1. Intérêt et motivation du sujet

Le cours d’Introduction à la littérature négro-africaine, assuré par Justin Bisanswa à l’hiver 2014, a produit en nous la rencontre entre notre cheminement universitaire et nos propres questionnements intérieurs. En tant qu’africaine, nous étions confrontée à une problématique d’effet de place : celle de l’Homme africain, et par extension du noir, dans le monde d’aujourd’hui ; celle, inévitable, de son étrangeté, en sa figure d’Autre ; celle de son Histoire traumatique, dont on ne mesure pas toujours l’incidence sur les rapports avec soi et sur le social, histoire avec laquelle il faut non seulement composer mais qu’il convient peut-être aussi, à terme, de dépasser. Le véritable enjeu réside dans tous les cas dans l’articulation difficile de son altérité et de son humanité, laquelle se voit, encore aujourd’hui, questionnée voire refusée. Sous la singularité de leur plume et de leur usage du langage, chacun des auteurs étudiés2 convoquaient, de front ou de biais, l’Histoire, le social, renégociaient une façon d’être au monde, subvertissaient les discours aliénants et les relations interpersonnelles. Véritablement, pour nous, la parole individuelle a pris pouvoir sur l’évènement douloureux et toutes déterminations extérieures.

Cette dernière affirmation s’est, à nos yeux, particulièrement illustrée dans La saison de l’ombre, roman de Léonora Miano, inscrit au programme du cours.
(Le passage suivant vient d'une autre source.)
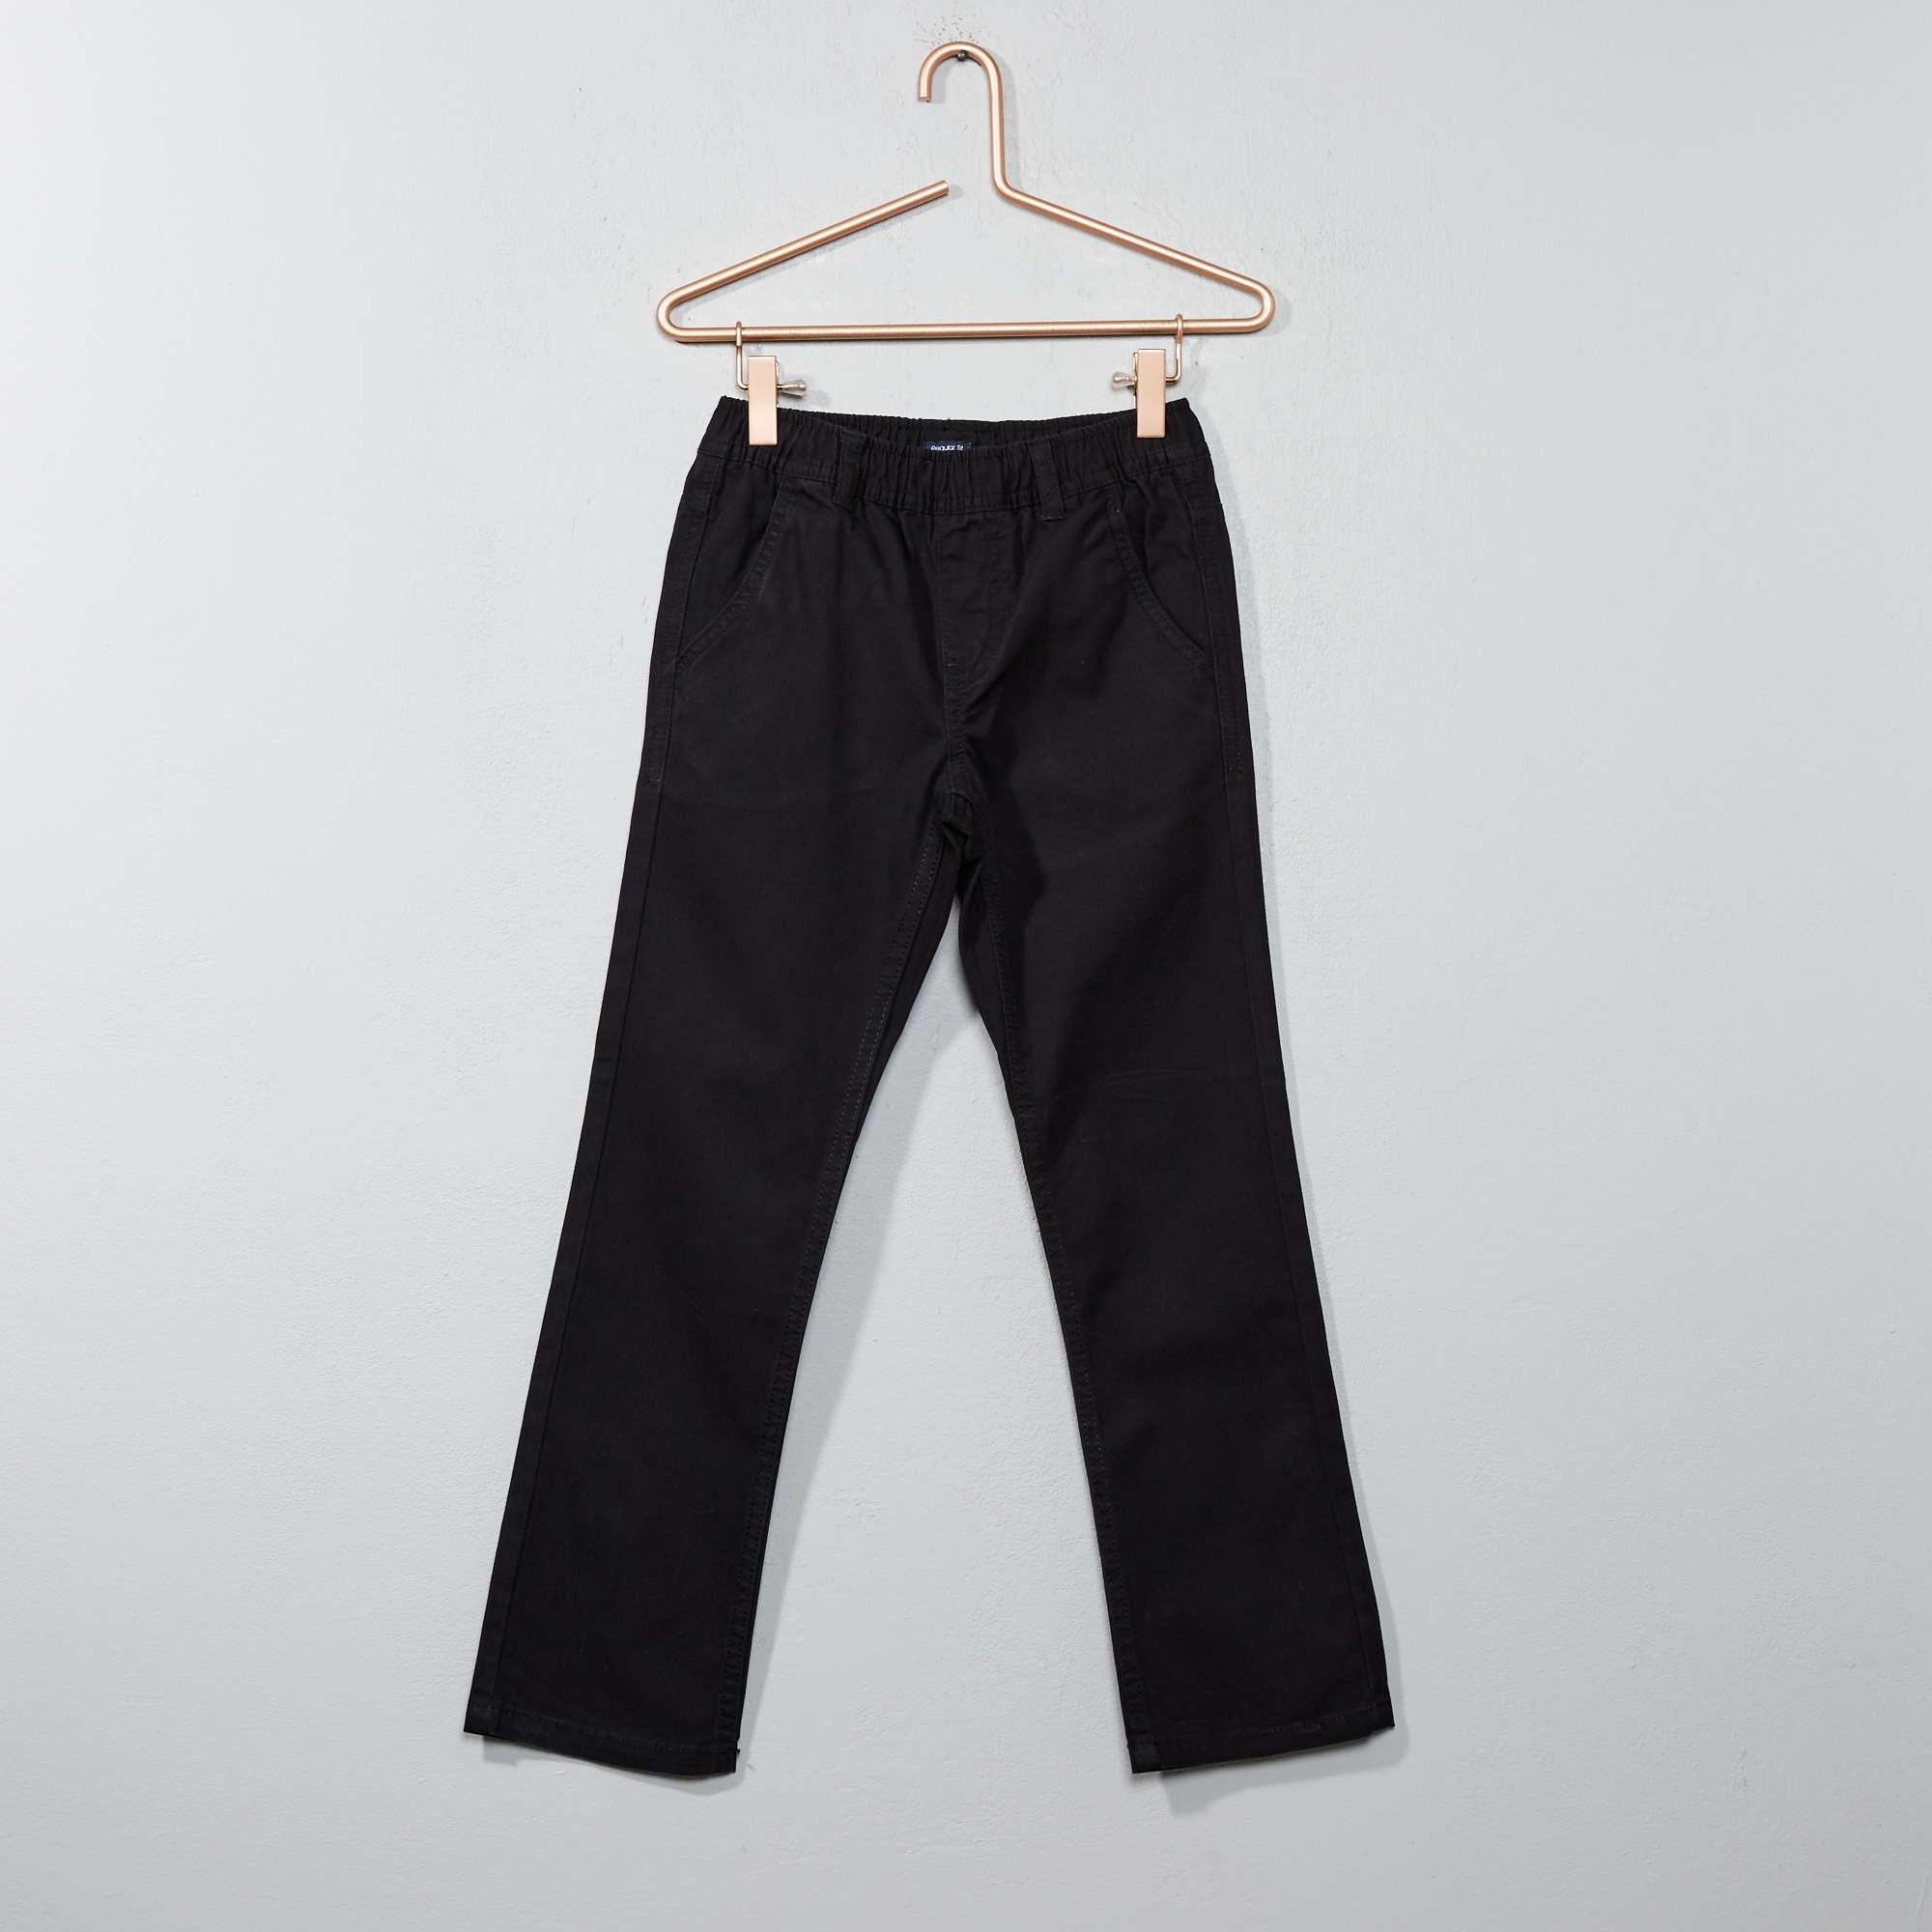 pantalon chino en canvas gar on noir kiabi 3 00. Black Bedroom Furniture Sets. Home Design Ideas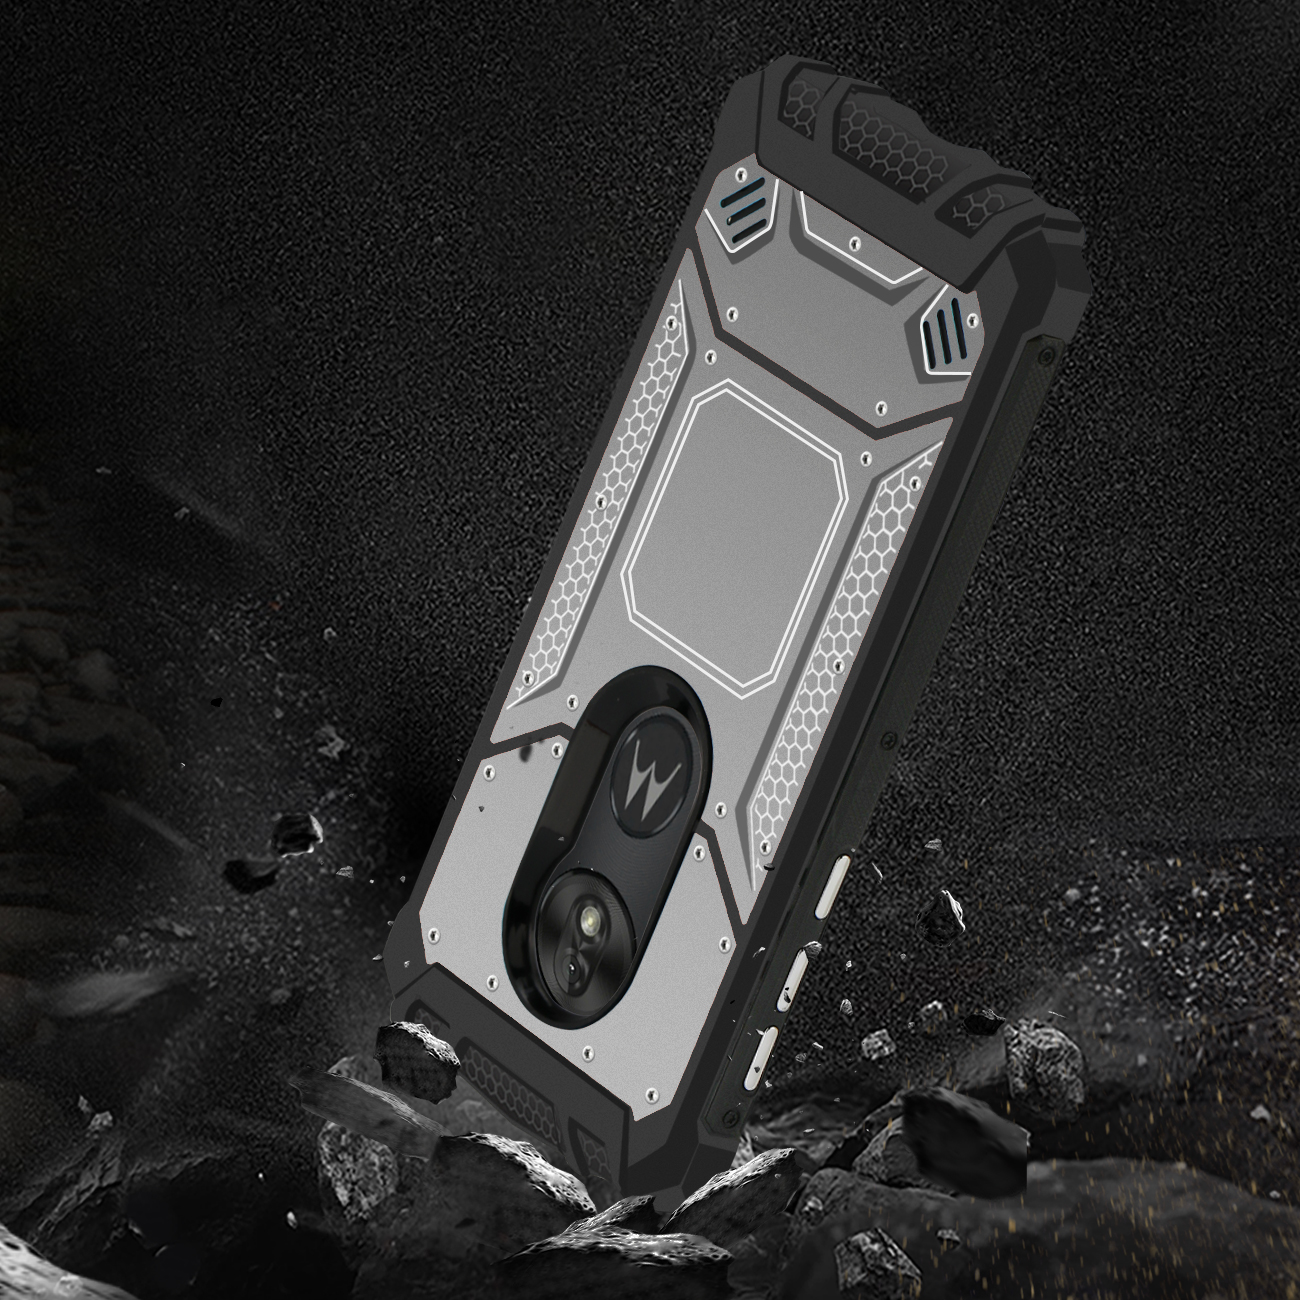 MOTOROLA MOTO G7 PLAY_Metallic Front Cover Case In_Gray

Enchantée, littéralement, par son atmosphère poétique, empreinte de mystique, de jeux de lumière, suspendue entre l’ici et l’au-delà, le personnage principal de cette œuvre nous a saisie, et nous avons choisi de concentrer l’étude de ce mémoire sur lui, nonobstant les enjeux de cette notion.

En effet, la notion de personnage hante l’appréhension du phénomène textuel, « le problème des modalités de son analyse et de son statut constitue l’un des points de fixation traditionnel de la critique (ancienne et nouvelle) et de toute théorie littéraire3 ». Pour autant,

2 Sony Labou Tansi, Valentin Yves Mudimbe, Ahmadou Kourouma, Aimé Césaire, Frantz Fanon et Léonora Miano.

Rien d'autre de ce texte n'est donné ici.